Cite as: http://hdl.handle.net/21.11116/0000-0001-CF87-E
Abstract
We used a wave tank to study the influence of pore‐water flow and diffusive transport on the degradation of labile particular organic matter (POM: Ulva lactuca pieces) embedded in permeable sediment. Pore‐water advection, induced by the interaction of the wave‐driven oscillatory boundary flow and stationary sediment ripples, reproducibly exposed POM buried in the top 2 cm of the sediment to oxic or anoxic conditions lasting between days and weeks. Planar oxygen optodes together with carbon and nitrogen analyses were used to visualize and quantify the degradation rates. Oxygen consumption rates (OCR) were up to 18‐times higher at locations of the buried POM compared to the surrounding sediment. Elevated OCR were also detected downstream the POM locations. Despite high permeability of the sediment and exposure to oxygenated pore‐water flows, suboxic and anoxic sites and suboxic pore‐water “plumes” developed at and downstream of the locations of POM in otherwise oxygenated sediment regions.

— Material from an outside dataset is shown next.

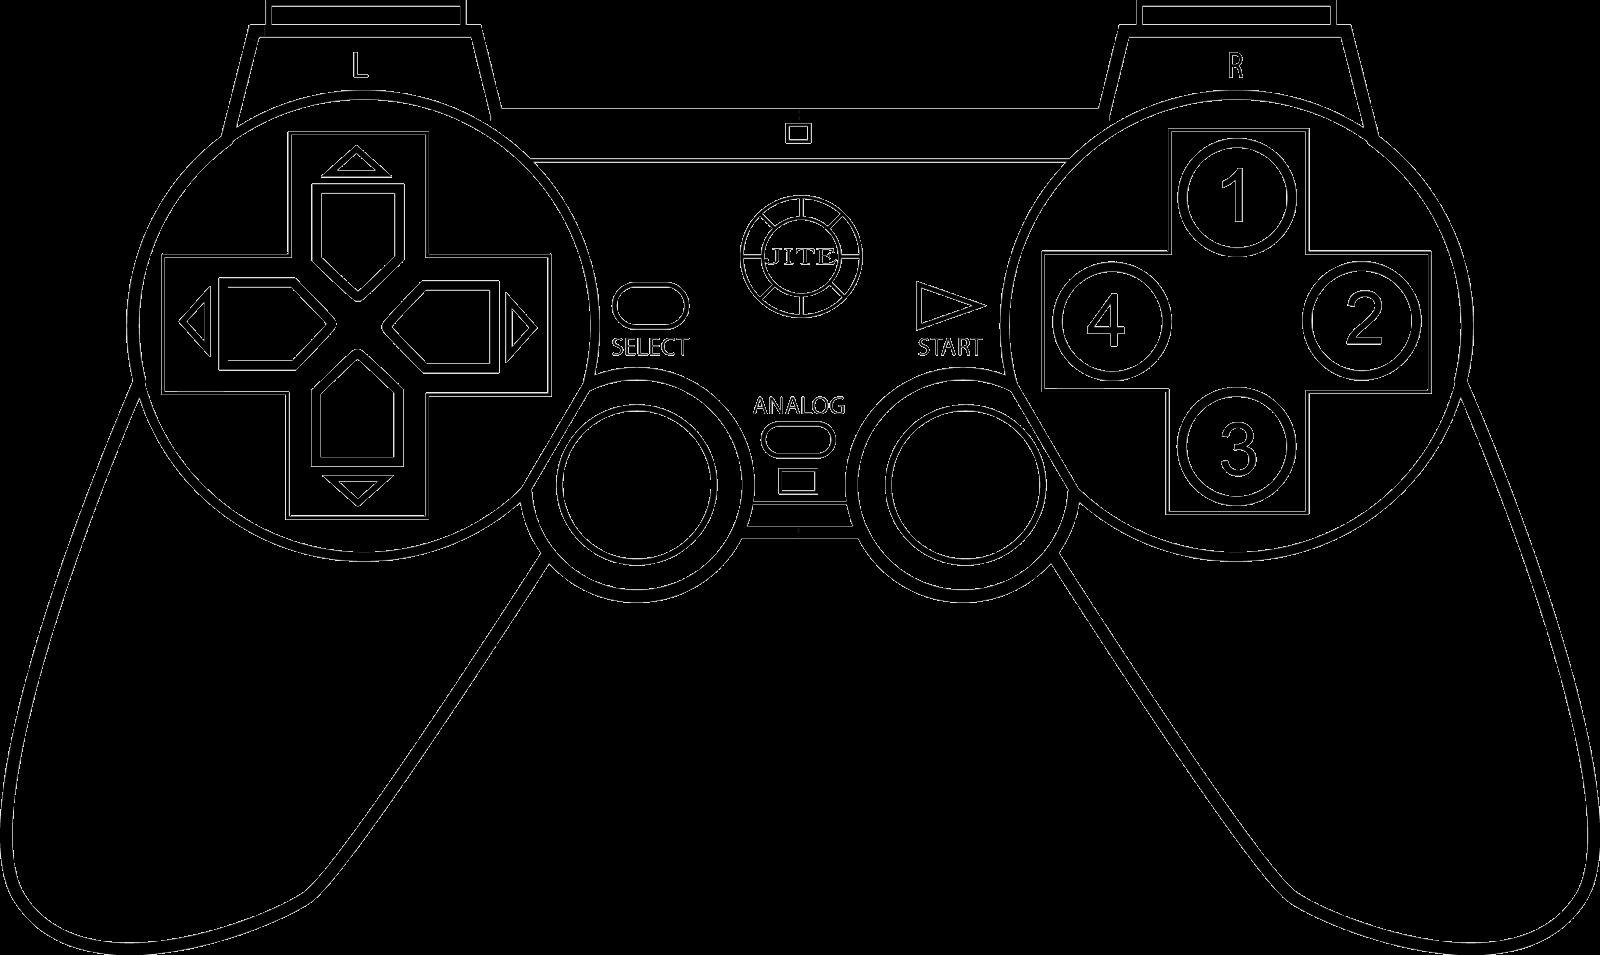 Dibujo De Consola De Juego Para Colorear: Game Controller Coloring Page Sketch Coloring Page

The carbon loss of the buried U. lactuca discs derived from the OCR measurements was only 4–15% of that measured by the carbon analysis of the recovered pieces, suggesting that the bacterial degradation of POM and the final degradation of dissolved organic matter (DOM) were spatially decoupled by the pore‐water flow. Advection can thus enhance the rate of organic matter degradation by efficiently distributing DOM from the “hotspots” of organic matter mineralization to larger volumes of permeable sediments and associated microbial communities.